Task requirements: From the line containing "Feeling Purdy Good" through the end of the material below, output each line exactly as written, with pictures excluded.

Material provided:
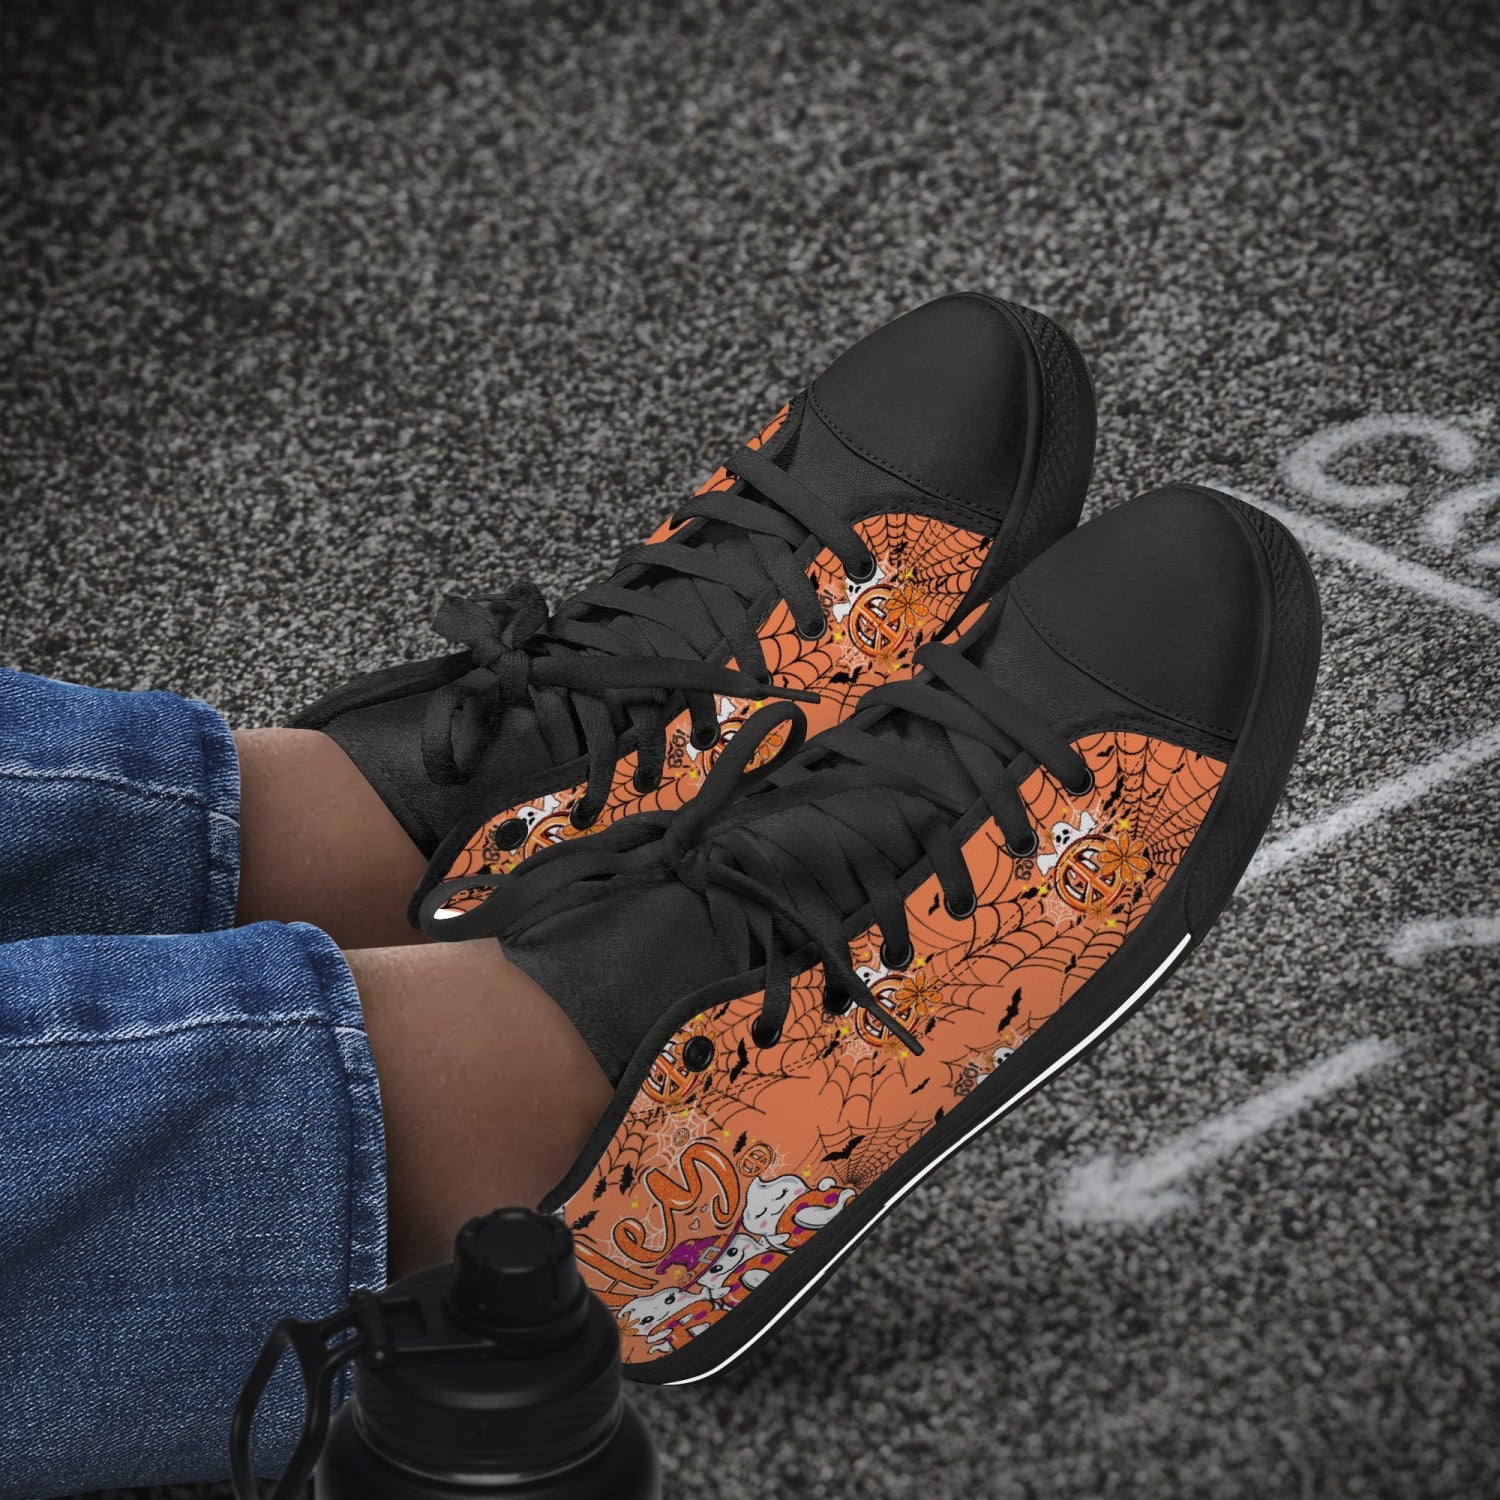 HEY BOO HALLOWEEN HIGH TOP CANVAS SHOES - TY0408234
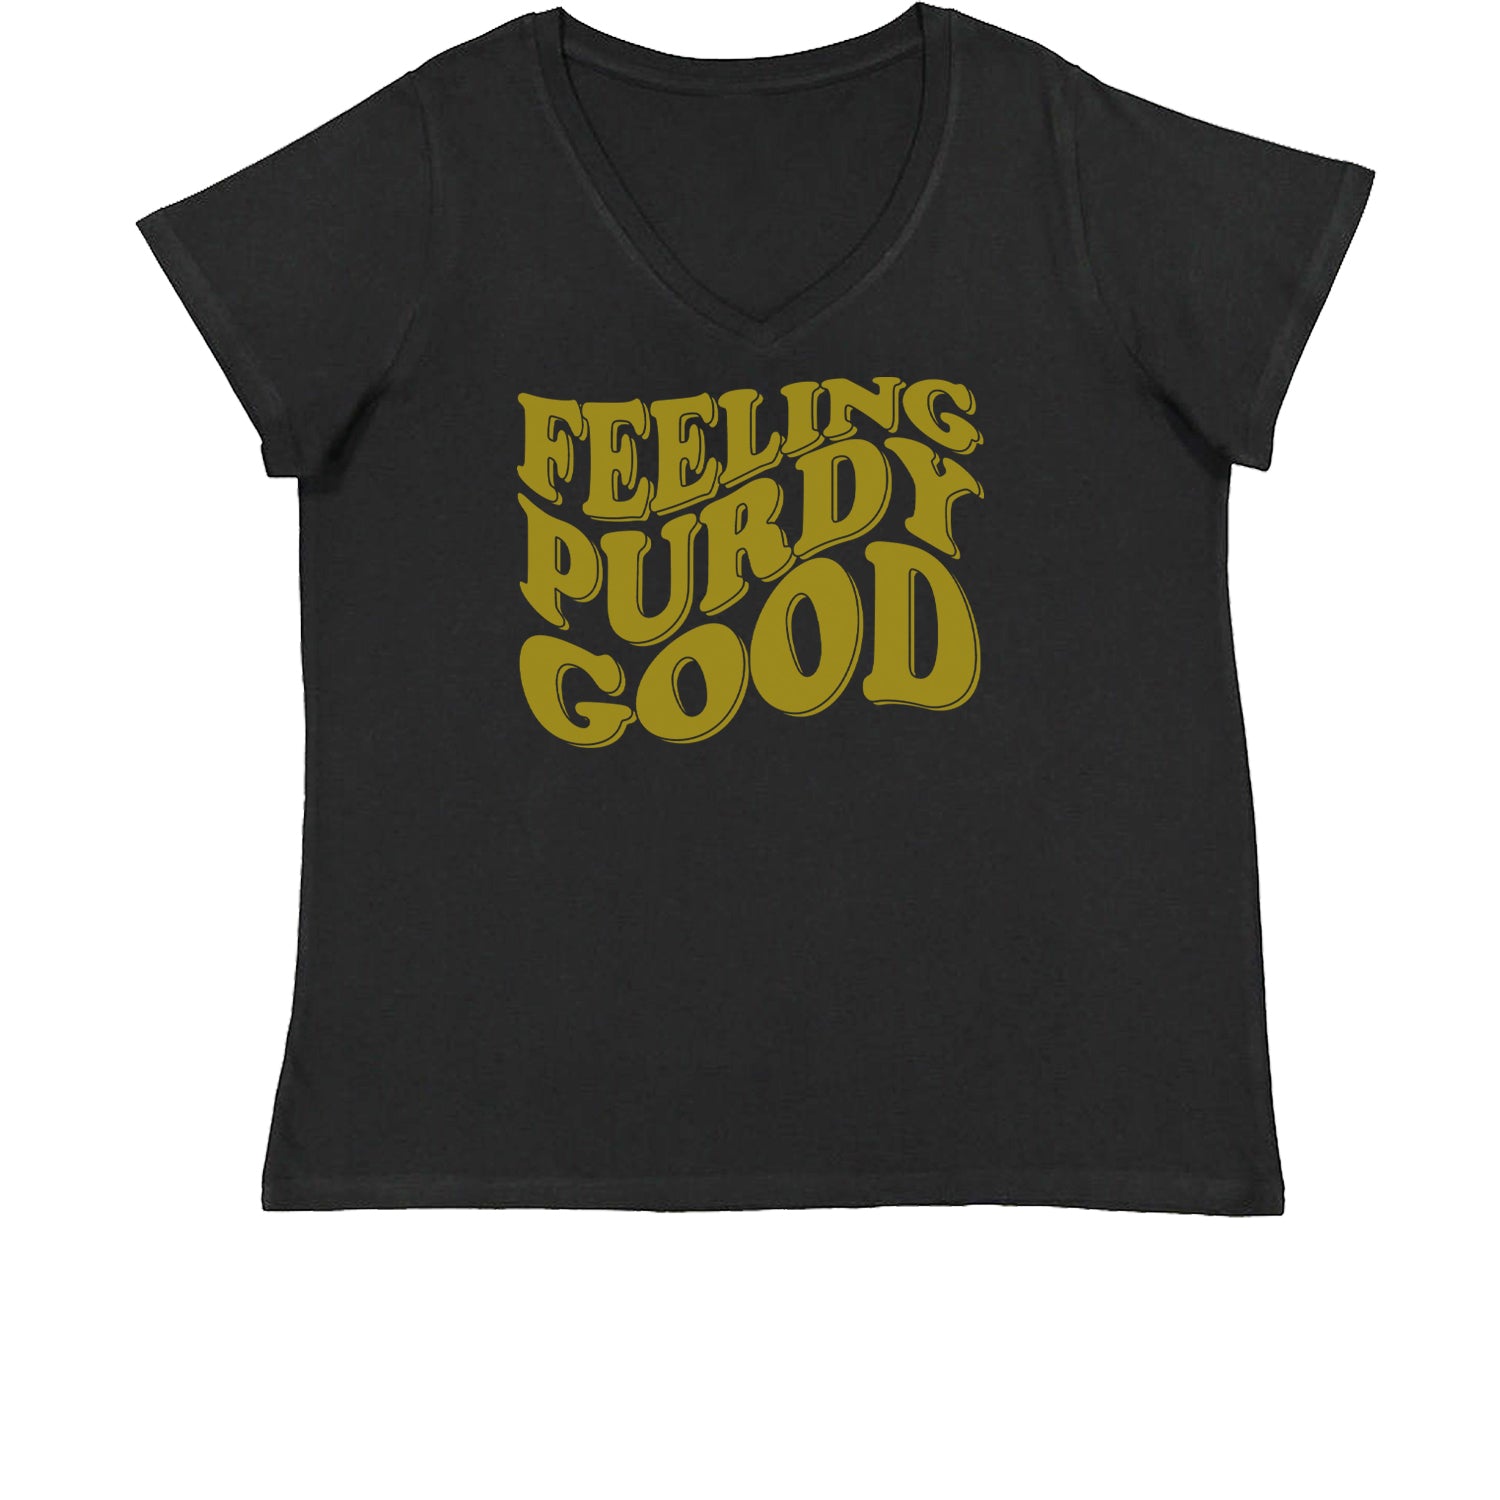 Feeling Purdy Good Womens Plus Size V-Neck T-shirt 13, football by Expression Tees
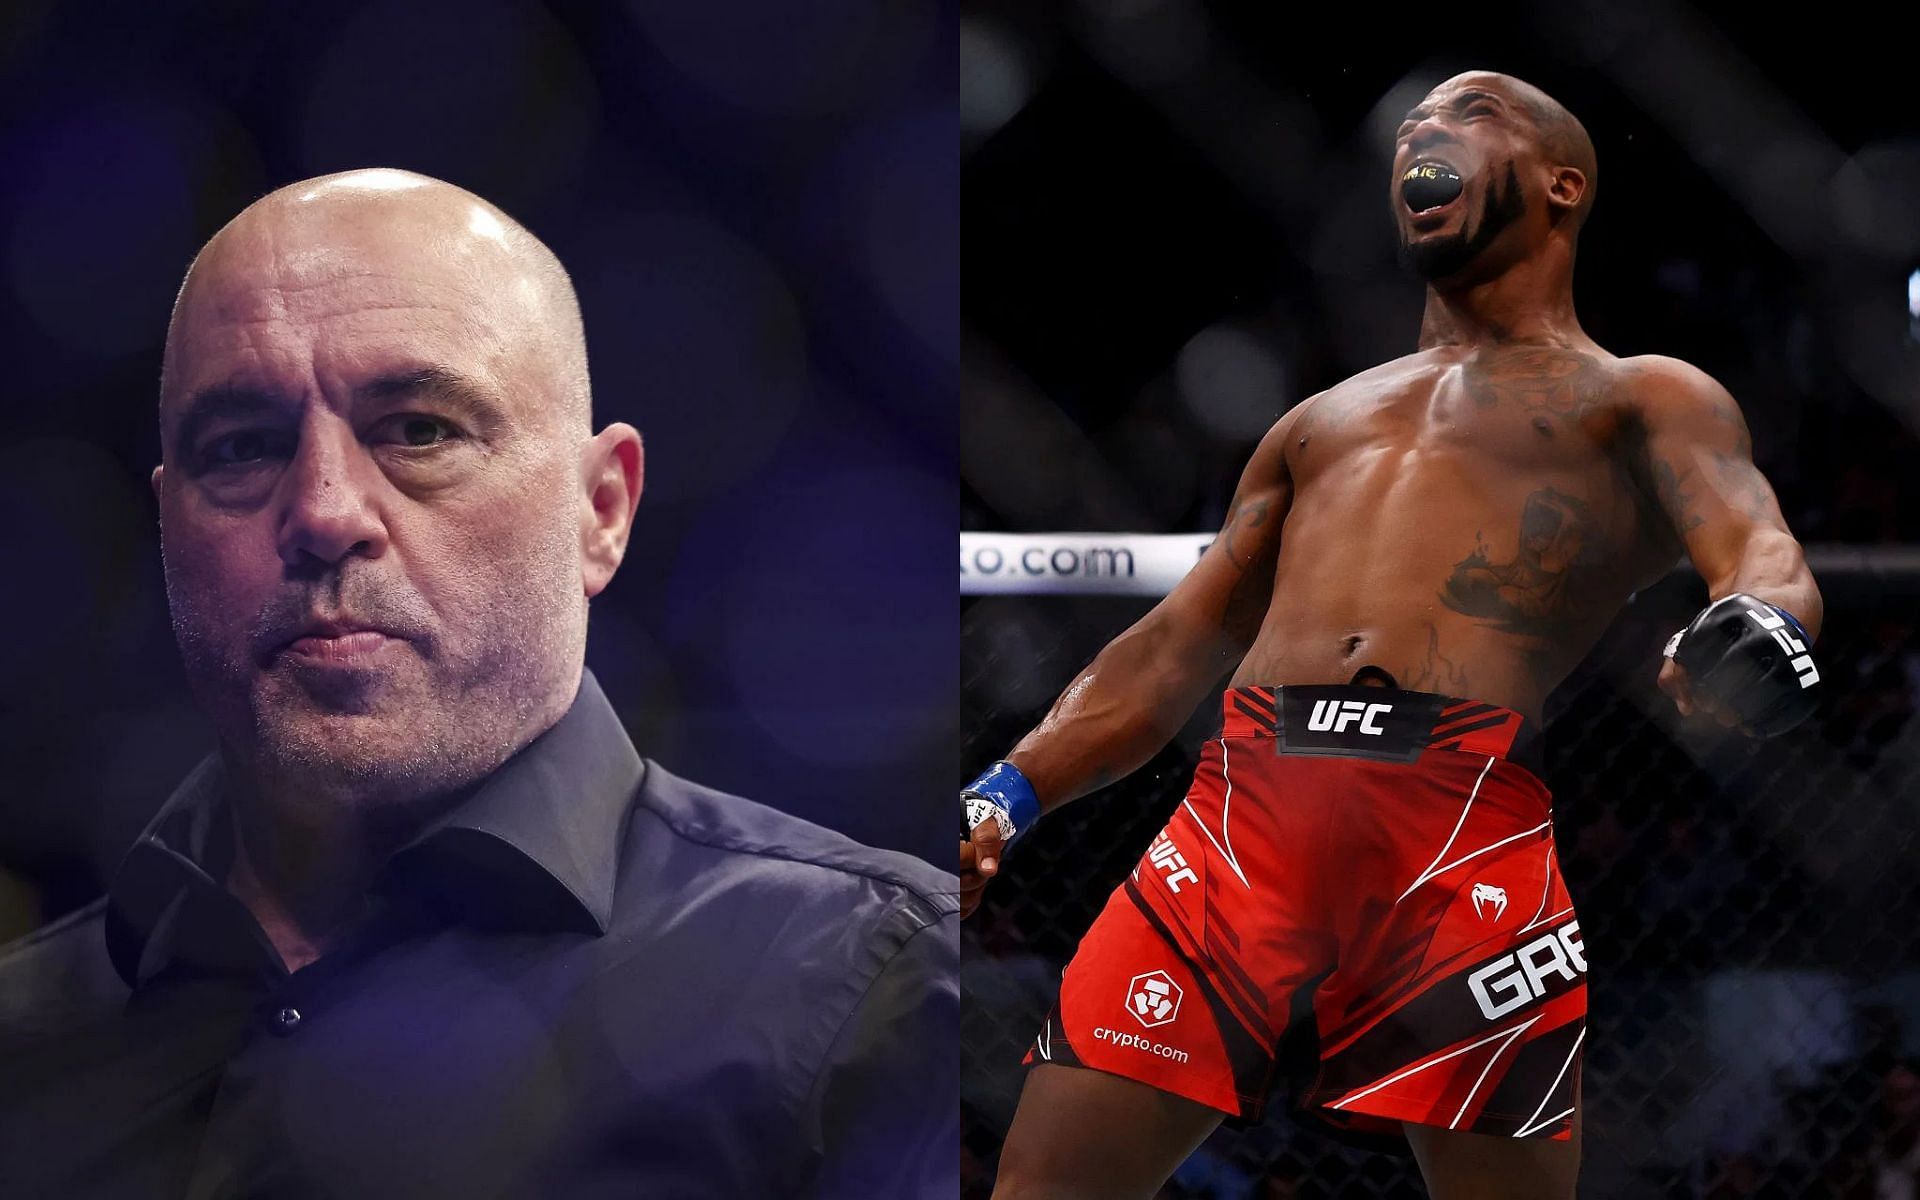 Joe Rogan (Left) and Bobby Green (Right) (Images courtesy of Getty)

Result below:
 Feeling Purdy Good Womens Plus Size V-Neck T-shirt 13, football by Expression Tees
 Joe Rogan (Left) and Bobby Green (Right) (Images courtesy of Getty)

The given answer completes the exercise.